This repository contains crossplatform COM interop library for .NET core.
I’m programming C++ and C#, often in the same project. Both languages are object oriented, and yet outside Windows there’s no easy way to consume objects across the native/managed boundary. When an API only has a few methods, C interop is fine. But as the API surface grows, supporting wrappers on both sides of the interop becomes time consuming and error prone. This project solves it by allowing to interop directly through OO APIs.
This package targets 3 platforms, .NET framework 4.7.2, .NET Core 2.2, and VC++.
VC++ is Windows only. To build Linux shared libraries implementing or consuming COM objects, please add build/native directory from that package to C++ include paths. Or ComLightLib directory from this repository. For cmake see include_directories command, or use some other method, depending on your C++ build system, and compiler.
Keep in mind .NET assemblies are often AnyCPU, C++ libraries are not, please make sure you’re building your native code for the correct architecture.
The library only supports IUnknown-based interfaces, it doesn’t handle IDispatch.

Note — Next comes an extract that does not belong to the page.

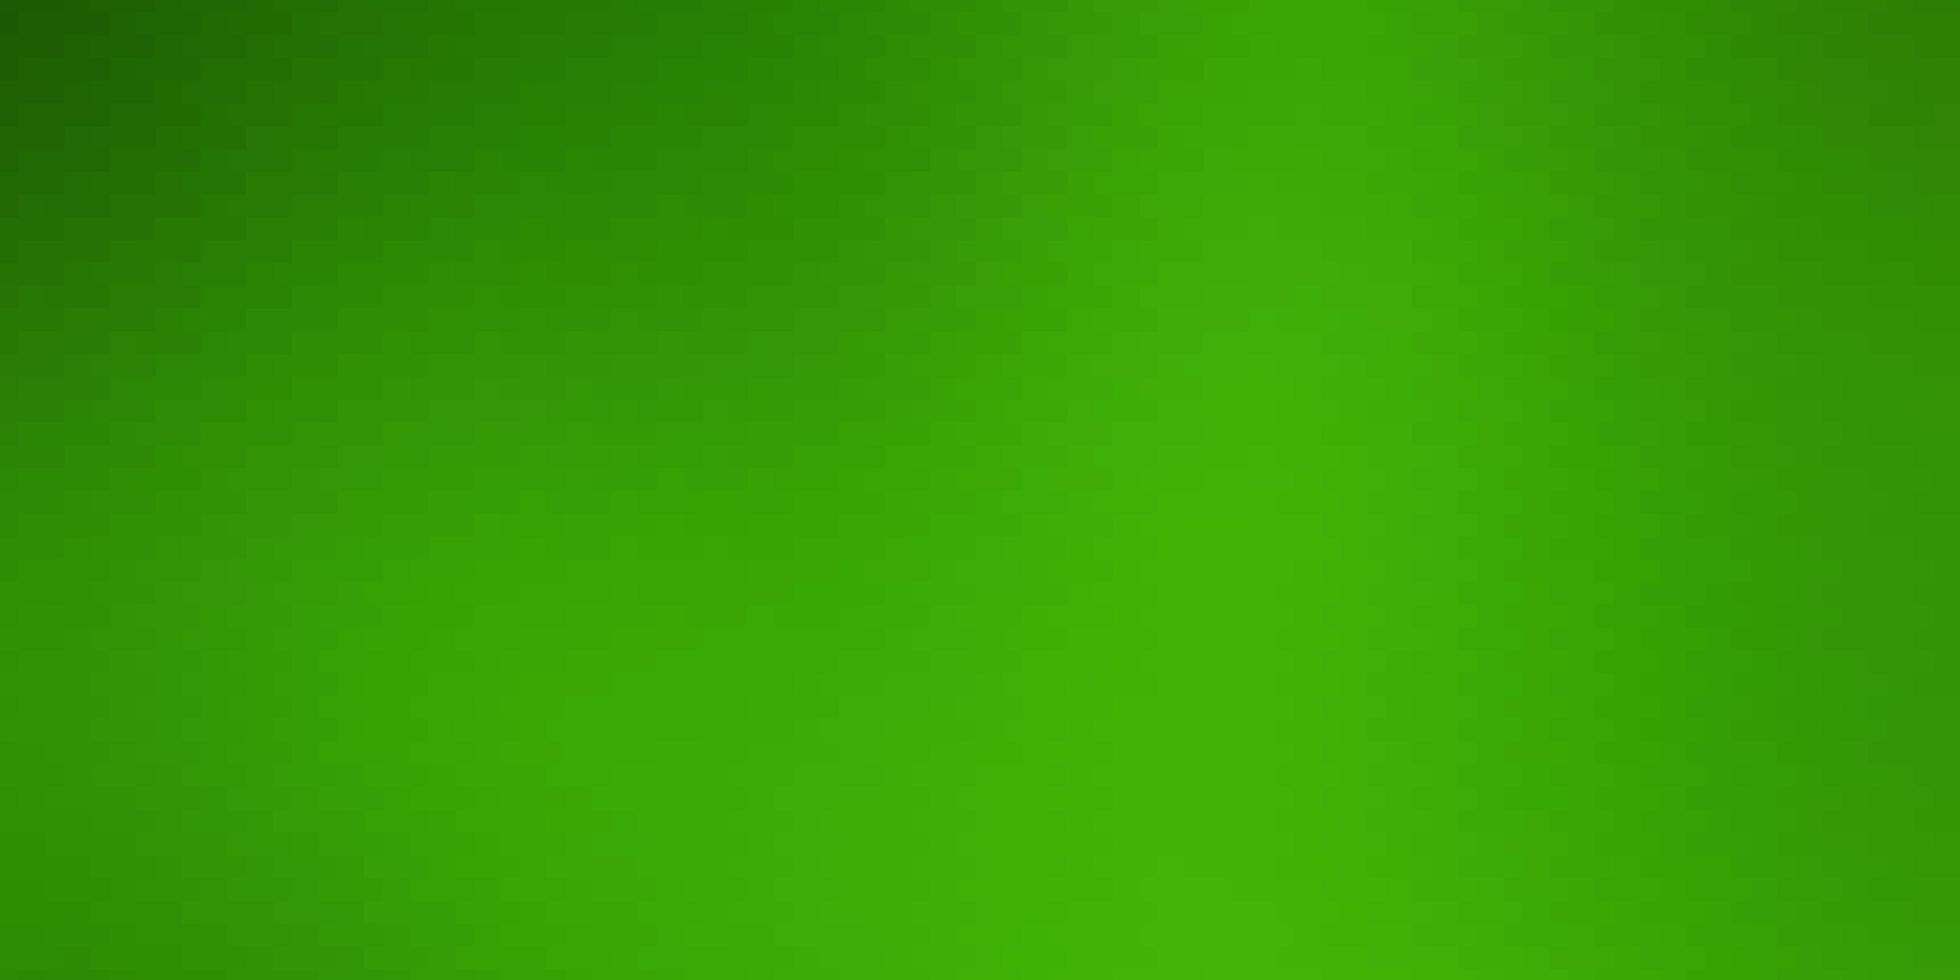 sfondo verde chiaro in stile poligonale. vettore

You can only use simple types in your interfaces: primitives, structures, strings, pointers, function pointers, but not VARIANT or SAFEARRAY.
BSTR strings probably won’t work on Linux either, I haven’t tested.
See Demos/HelloWorldCpp/HelloWorld.cpp and Demos/HelloWorldCS/HelloWorld.cs for “hello world” example. As you see, both C++ and C# sides of the interop are about 10 lines of code each.
Slightly more complex example is Demos/StreamsCpp and Demos/StreamsCS, it marshals .NET streams both directions.
A lot of things happening under the hood in the corresponding runtime libraries, ComLightLib for C++ and especially in ComLight for .NET. But the API is simple, at least until you want to implement custom marshallers, or do something equally advanced with the library.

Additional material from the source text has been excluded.